Looking over the current implementation, I see effort in maintaining a stack that resembles the SyntaxTreeContext maintained by SyntaxTreeLinter and its base TreeContextVisitor. (Note that verible::TreeUnwrapper is another subclass of TreeContextVisitor.) Only instead of growing the stack on every node, you only grow the stack on nodes bearing lexical scope. If you extended TreeContextVisitor to include a scope-stack (Verilog-specific, no longer language-agnostic) in addition to the normal SyntaxTreeContext stack, that could be the basis for all scoped analyses that use symbol tables (like your DeclType).
What about matching? In past PRs I've often offered the alternative of using direct substructure access through CST/ functions, which is much faster, because it is not based on any tree-searching/predicate-matching. The alternative to grabbing .Bind() symbols from BoundSymbolManager is direct access.
- From every net declaration (or element declaration) you can directly reach the identifier(s) it declares precisely.
- From every assignment you can isolate the LHS from the RHS:
- You could set state variables to distinguish when you're in the left vs. right instead of trying to infer from upward inspection.
- Based on left vs. right, you would know whether you are looking at lvalues vs. rvalues (but LHS references can have rvalues in array indices, so be cautious there.)
- Most of the logic would be in the form of a sparse switch-case statement on node types (much like the formatter's
TreeUnwrapper::SetIndentationsAndCreatePartitions) whose interesting cases include declarations of several types, assignments, instantiations, loop/conditional generate blocks, references, and non-interesting cases would just be default traversal.

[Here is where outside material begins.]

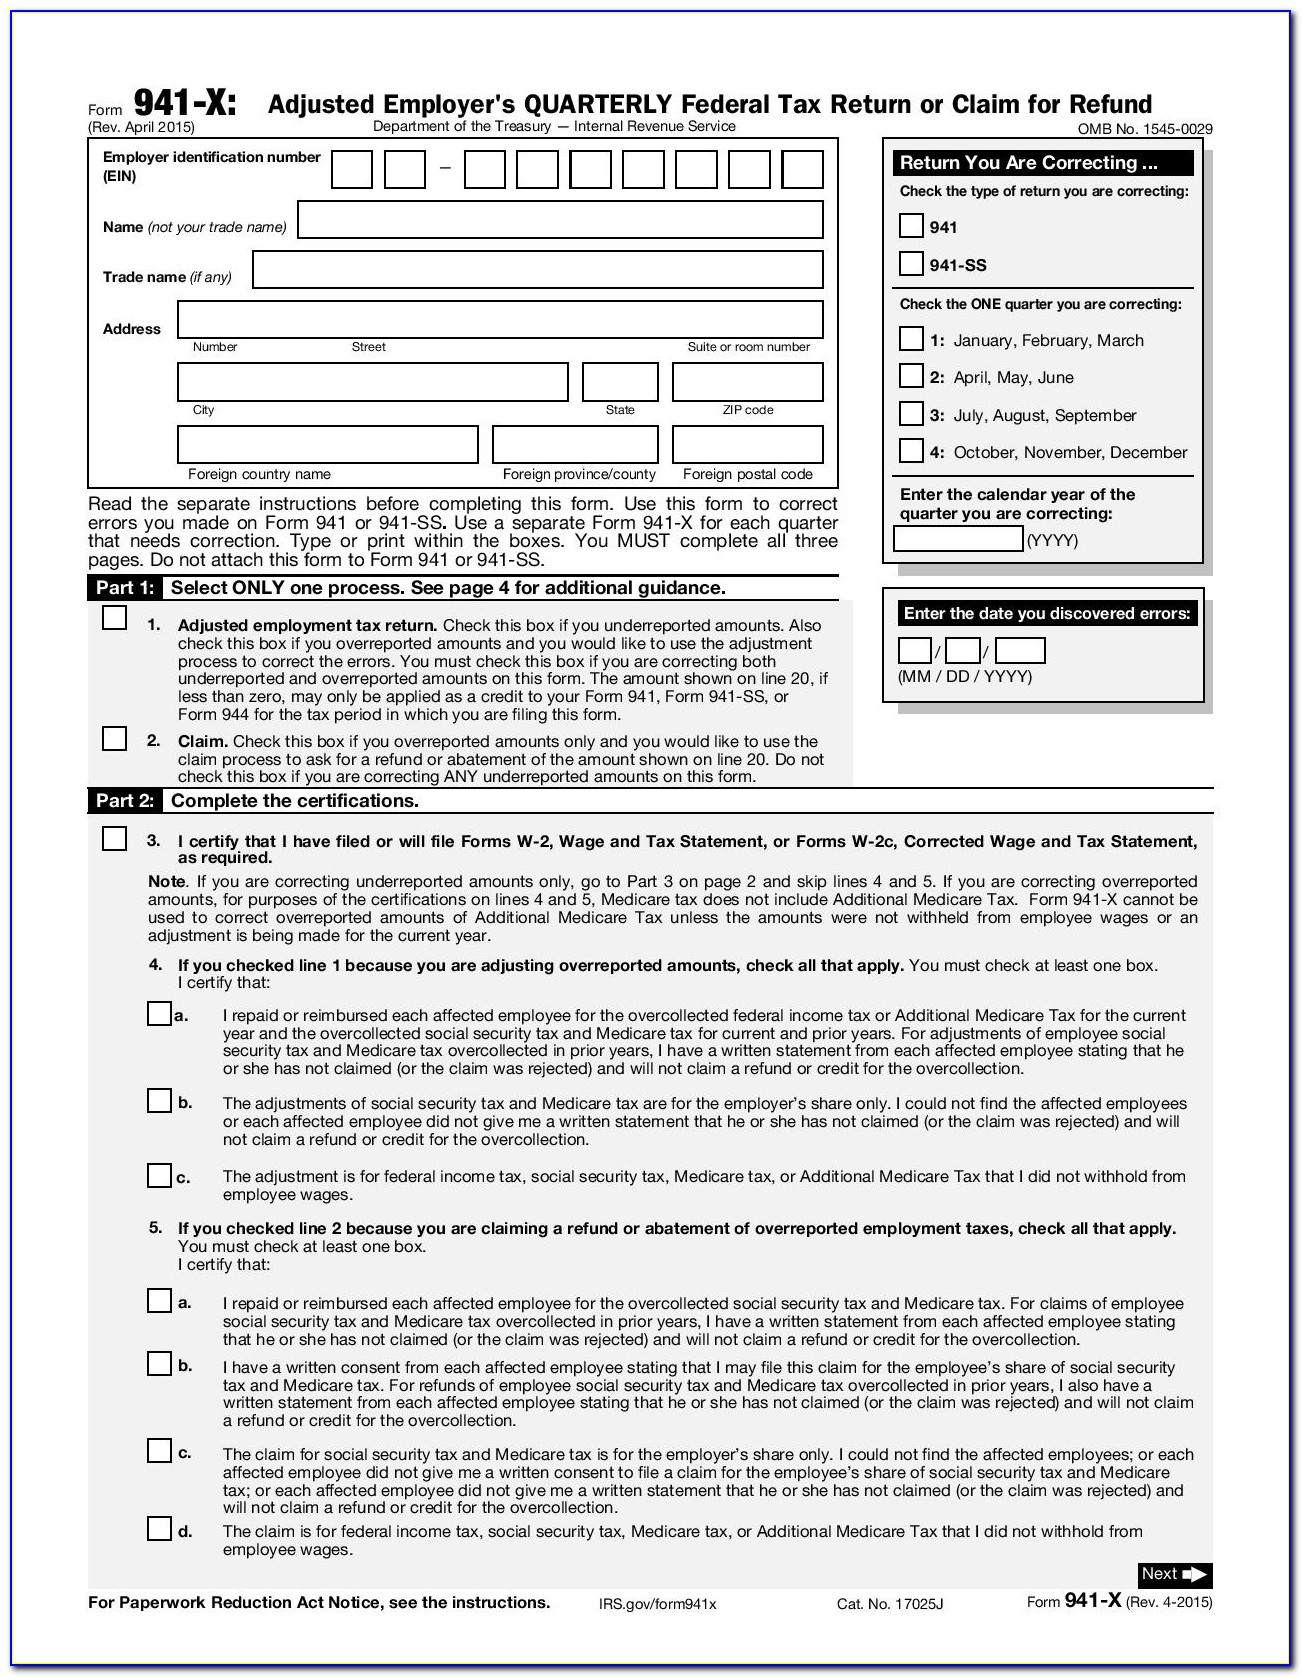 Irs.gov Form 941 Mailing Address

Does this sound simpler than your current implementation?
|
Okay. I've modified my implementation. I'm using At this moment I'm curious what do you think about that approach (apart from missing tests for |
| CHECK_NOTNULL(syntax_tree); | ||
| syntax_tree->Accept(this); |
There was a problem hiding this comment.
Can also write: ABSL_DIE_IF_NULL(syntax_tree)->Accept(this);
| const auto& leaf = *ABSL_DIE_IF_NULL( | ||
| dynamic_cast<const verible::SyntaxTreeLeaf*>(&symbol)); |
There was a problem hiding this comment.
Use SymbolCastToLeaf from common/text/tree_utils.h (for consistency)
| const auto identifier = leaf.get().text; | ||
|
|
||
| // Search upward stack and for declared nets. | ||
| for (auto itr = scope.rbegin() ; itr != scope.rend() ; ++itr) { |
There was a problem hiding this comment.
for (const auto& s : verible::reversed_view(scope)) { ...
| // Search upward stack and for declared nets. | ||
| for (auto itr = scope.rbegin() ; itr != scope.rend() ; ++itr) { | ||
| const auto& declared_nets = (*itr)->declared_nets_; | ||
| const auto& net = declared_nets.find(identifier); |
There was a problem hiding this comment.
const auto& net_iter = ...
|
|
||
| std::set<verible::LintViolation> violations_; | ||
|
|
||
| ScopeTreeVisitor visitor_; |
There was a problem hiding this comment.
ScopeTreeVisitor is used as both a base class (inheritance) and a member (containership). Design-wise, we probably want to use only one of these.
| const auto tag = verilog_tokentype(leaf.Tag().tag); | ||
|
|
||
| switch (tag) { | ||
| case verilog_tokentype::SymbolIdentifier: { |
There was a problem hiding this comment.
Do we need to register declarations coming from module ports? Also keep in mind there are two style of ports: ANSI, and non-ANSI style.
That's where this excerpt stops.